На расческу Щукина никто не вглянул.
— А лампа у нас совсем гаснет, ребята, — поднял кверху свою бороду Ципышев.
От порога отозвался Коноплев:
— Погаснешь без воздуху. Лампе тоже воздух нужен.
Коноплев последний раз пошумел сухим веником и вернулся к столу. Лицо у него было бледное, дыхание тяжелое.
— Я так понимаю наши дела, — сказал он. — Пока нет доверия к самому рядовому мужику в колхозе, не будет и настоящих порядков, еще хлебнем горя немало. Пишут у нас: появился новый человек. Верно, — появился! Колхоз переделал крестьянина. Верно, — переделал. Мужик уже не
тот стал. Хорошо! Так этому мужику доверять надо. У него тоже ум есть.
— Не волк съел, — лукаво подтвердил Ципышев.
— Вот! И нас не только учить — и слушать надо. А то все сверху да сверху. Планы спускали сверху, председателей сверху, урожайность сверху. Убеждать-то некогда, да и нужды нет, так оно легче. Только спускай, знай, да рекомендуй. Культурную работу свернули — хлопотно, клубы да читальни только в отчетах и действуют, лекции и доклады проводить некому. Остались кампании по разным заготовкам да сборам — пятидневки, декадники, месячники…
Коноплев передохнул, и Петр Кузьмич воспользовался этим, вставил слово:
— Бывает и так: клин не лезет, а дерево виновато, говорят — дерево с гнильцой. Поди-ка не согласись в районе. Они тебе дают совет, рекомендацию, а это не совет, а приказ. Не выполнишь — значит, вожжи распустил. Колхозники не соглашаются — значит, политический провал.
— А почему — провал?! — почти крикнул Коноплев. — Разве мы не за одно дело болеем, разве у нас интересы разные?
— Ну, райком тоже, брат, по головке не гладят, коли что. И с них требуется, дай боже!
— Дай боже, дай боже! — горячился Коноплев. — Рядом, в Груздихинском районе, другие порядки. Шурин приезжал на днях, рассказывает: там у председателей поджилки не дрожат, когда начальство их в район вызывает. Нет этого страха. Секретарь в колхоз приходит запросто, разговаривает с людьми не по бумажке.
На полке в переднем углу слышнее заработал радиоприемник. Он все так же потрескивал и шипел, словно выдыхающийся пенный огнетушитель, но теперь сквозь шипенье и потрескиванье пробивалась не музыка, а окающая с запинками речь. Передавались письма с целинных земель. Какой-то паренек рассказывал о своих трудовых успехах на Алтае. Собеседники прислушались.

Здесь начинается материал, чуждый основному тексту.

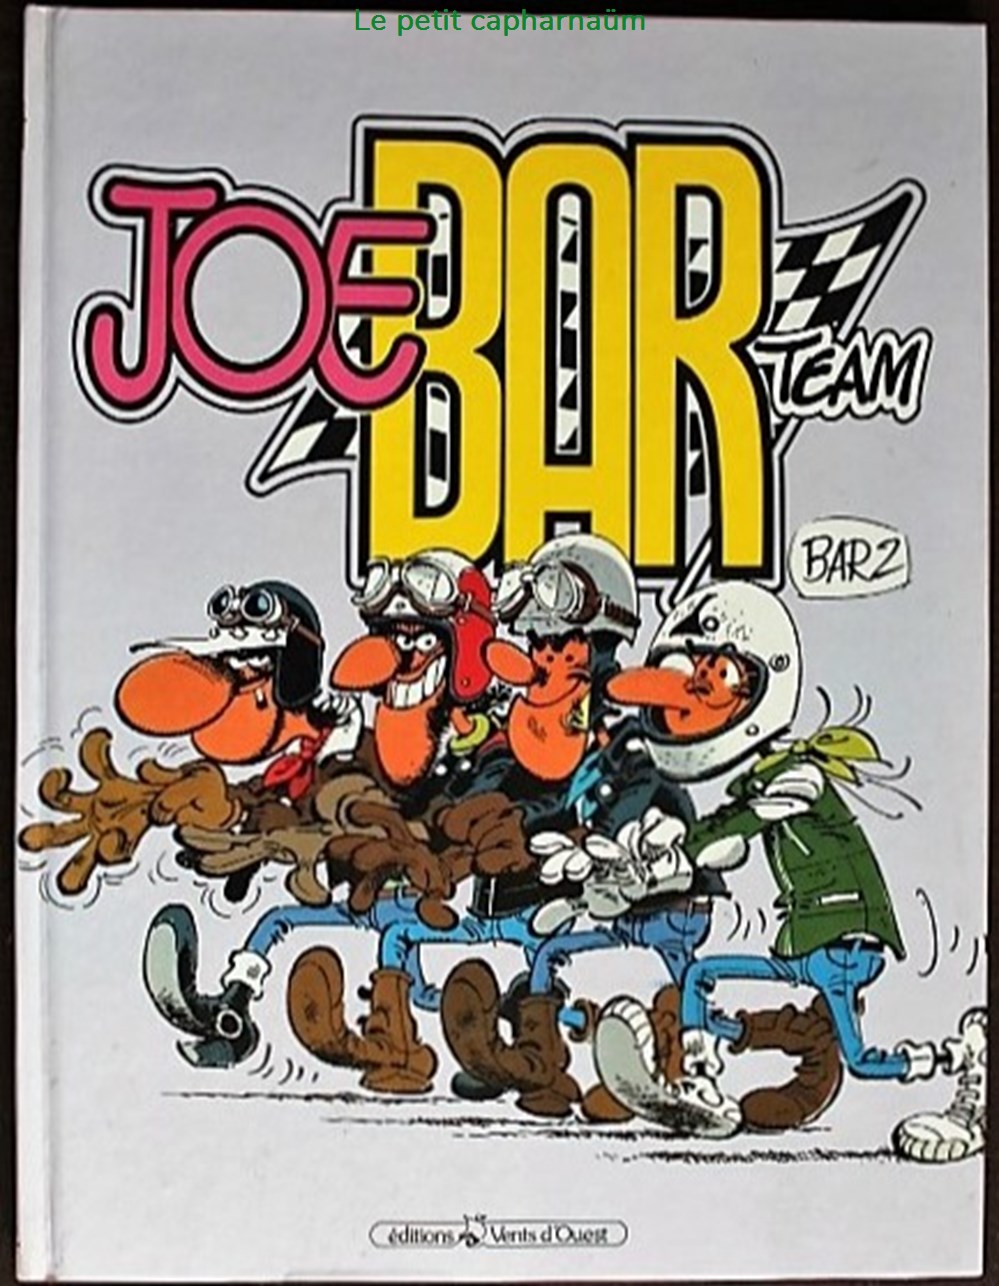 BD - Joe Bar Team - Coleção de Livros, História em quadrinhos, Revistas

«Нас всех зовут москвичами, хотя мы из разных городов. Держимся дружно, в обиду себя никому не даем. Урожай в прошлом году выдался небывалый. В пшеницу войдешь, словно в камыши. Даже старики не помнят таких хлебов. Для ссыпки не хватало мест, тяжело было…»
Паренек обращался к своей дорогой маме, но так, будто никогда раньше не произносил этого имени. Он явно робел перед микрофоном.
— Ты смотри, — сказал Петр Кузьмич, — и там свои беды: хлеб ссыпать некуда. — Он ткнул рукой в сторону радиоприемника, и брезентовый плащ соскользнул с его левого безрукого плеча.
— Не всем же на Алтай ехать! — буркнул Коноплев и, закашлявшись снова, поднялся из-за стола, взял обеими руками горшок с окурками, пошел к порогу. Там он откинул ногой веник и вывалил окурки в угол.
И тогда обнаружилось, что в избе во все время этого разговора присутствовал еще один человек.
Из-за широкой русской печи раздался повелительный старушечий окрик:
— Куда сыплешь, дохлой? Не тебе подметать. Пол только вымыла, опять запаскудили весь.
От неожиданности мужики вздрогнули и переглянулись.
— Ты все еще тут, Марфа? Чего тебе надо?
— Чего надо… За вами слежу! Подпалите контору, а меня на суд потянут. Метла сухая, вдруг — искра, не приведи бог…
— Иди-ка ты домой.
— Когда надо будет — уйду.
Разговор друзей оборвался, словно они почувствовали себя в чем-то друг перед другом виноватыми.
На мгновение стала слышна улица, шум ветра, далекая девичья песня.
Сергей Щукин выключил приемник, голоса целинников оборвались.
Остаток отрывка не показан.